21 juillet 2001

 

Des esprits torturés

Maintenant que personne ne peut plus nier la torture généralisée pratiquée par l'armée française en Algérie (ou du moins dans chaque "unité combattante", à quelques très rares exeptions près) entre 54 et 62, le dernier "exercice de style" dont usent aujourd'hui la plupart des débatteurs invités à se prononcer sur la question consiste, non point à la condamner et encore moins à la regretter et encore moins à s'en repentir mais à la "connaître", ou mieux à la "reconnaître"! La belle affaire maintenant que tout le monde sait !

Le "devoir de mémoire" consistant à dénoncer le colonialisme français pour ce qu'il était, une spoliation et un viol des peuples colonisés, s'est mué en "devoir de reconnaissance" et, qui plus est, de "reconnaissance" partagée, impliquant par là que les atrocités furent le fait des deux camps, renvoyées ainsi dos à dos les deux parties. Comme si il y avait jamais eu "jeu égal".

"Donnant donnant, tu torturais, je torturais, nous torturions. Oui, la torture et les atrocités existaient ... bien sûr, mais des deux côtés. Et puis n'étions-nous pas en guerre (cette "guerre" d'Algérie, appelée officiellement durant 40 années les "évènements d'Algérie" ou "les opérations de maintien de l'ordre") et y a-t-il jamais eu de guerre propre ?", se lamentent nos militaires et nos politiques se renvoyant la balle des responsabilités et se jettant à la figure les cadavres torturés des deux camps.
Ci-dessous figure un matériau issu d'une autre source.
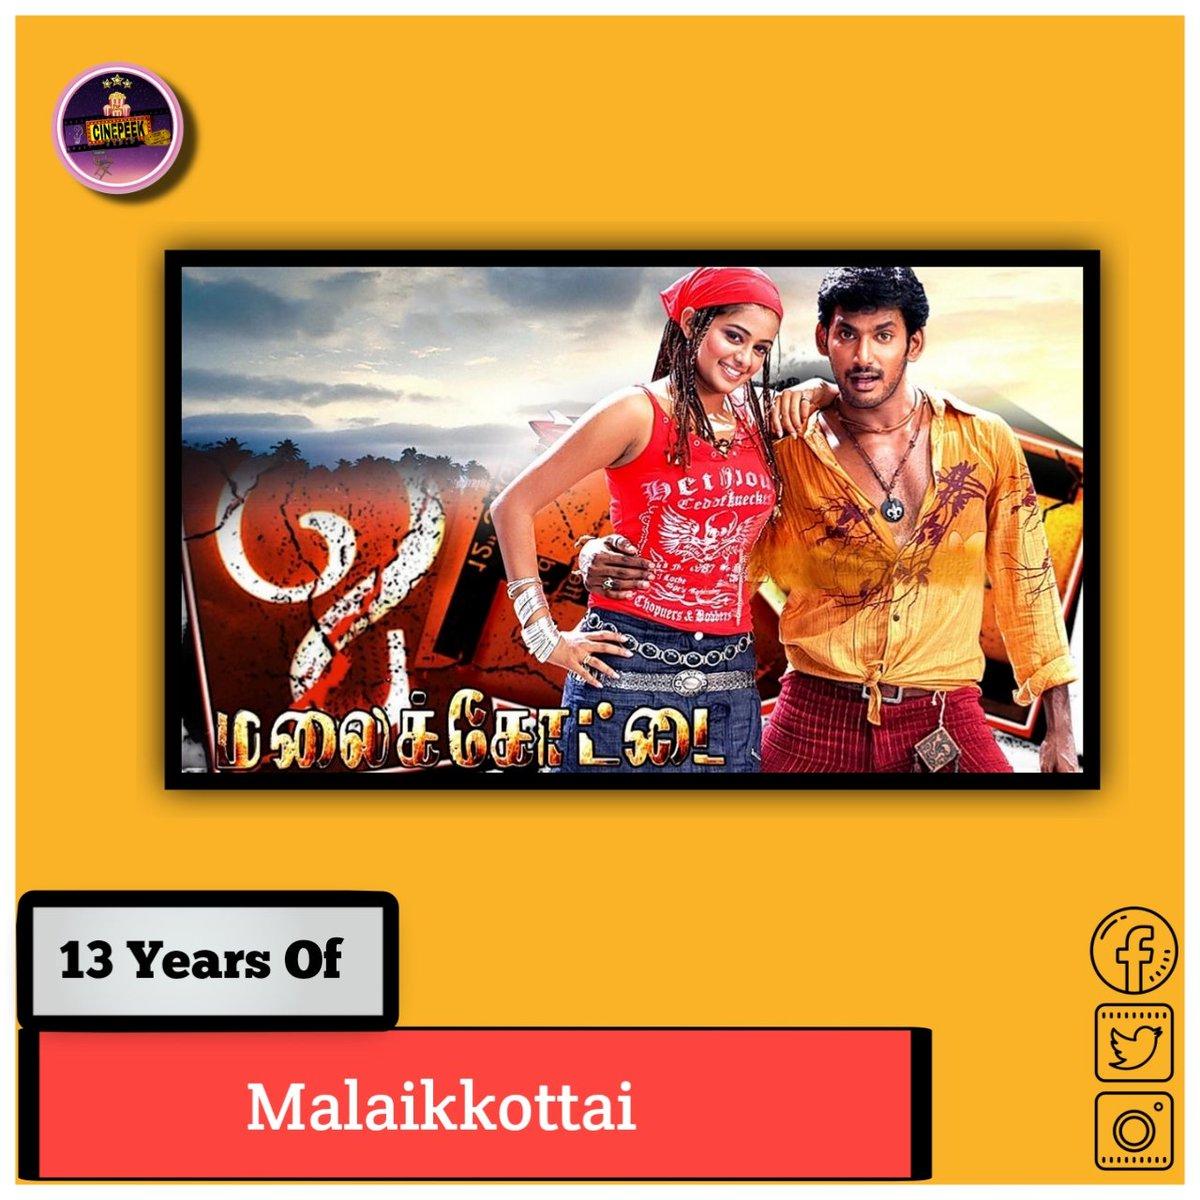 On this Day 🥳 13 Years Ago #Malaikottai Movie Release 💥  #13YearsOfMalaikottai  @VishalKOfficial @priyamani6 #CinePeek https://t.co/cUZWl3PM7K

"Mais enfin aujourd'hui, nous le "reconnaisssons". Nous allons même échanger nos archives avec nos ex-colonisés ! Nous sommes quitte ! Reconnaissons le aujourd'hui de concert, et pourquoi pas la main dans la main, comme KHOL et MITTERRAND l'ont fait après 3 guerre franco-allemande." Avec la différence qu'entre les Allemands et les Français, il s'agissait de deux puissances militaro-industrielles analogues qui se faisaient la guerre ! Il s'agissait alors d'adultes consentants, en pleine possession de leurs forces militaires et morales (ou du moins le croyaient-ils…) . Tandisque dans le cas des guerres coloniales, il s'agissait de la lutte de libération de peuples faibles (militairement parlant s'entend, bien que culturellement égaux sinon souvent supérieurs) opprimés, massacrés (30 000 morts à Sétif en 1945, 95 000 à Madagascar ... etc. etc.) niés, méprisés, pillés contre une puissance occidentale occupante dominatrice.

Les sexagénaires franchouillards qui aujourd'hui redressent fièrement la tête, parlent de "reconnaissance mutuelle", d'honneur sauf, voire prêchent la réconciliation et refusent de convenir que les crimes du colonialisme, de l'esclavage à l'exploitation économique (toujours actuelle...), furent des crimes imprescriptibles contre l'humanité perpétrés au nom de "valeurs" dont l'Occident se croit toujours porteur, font penser à ces vieux pédophiles qui, sortis de prison, serreraient la main de leurs anciennes petites victimes sous les flashs des médias.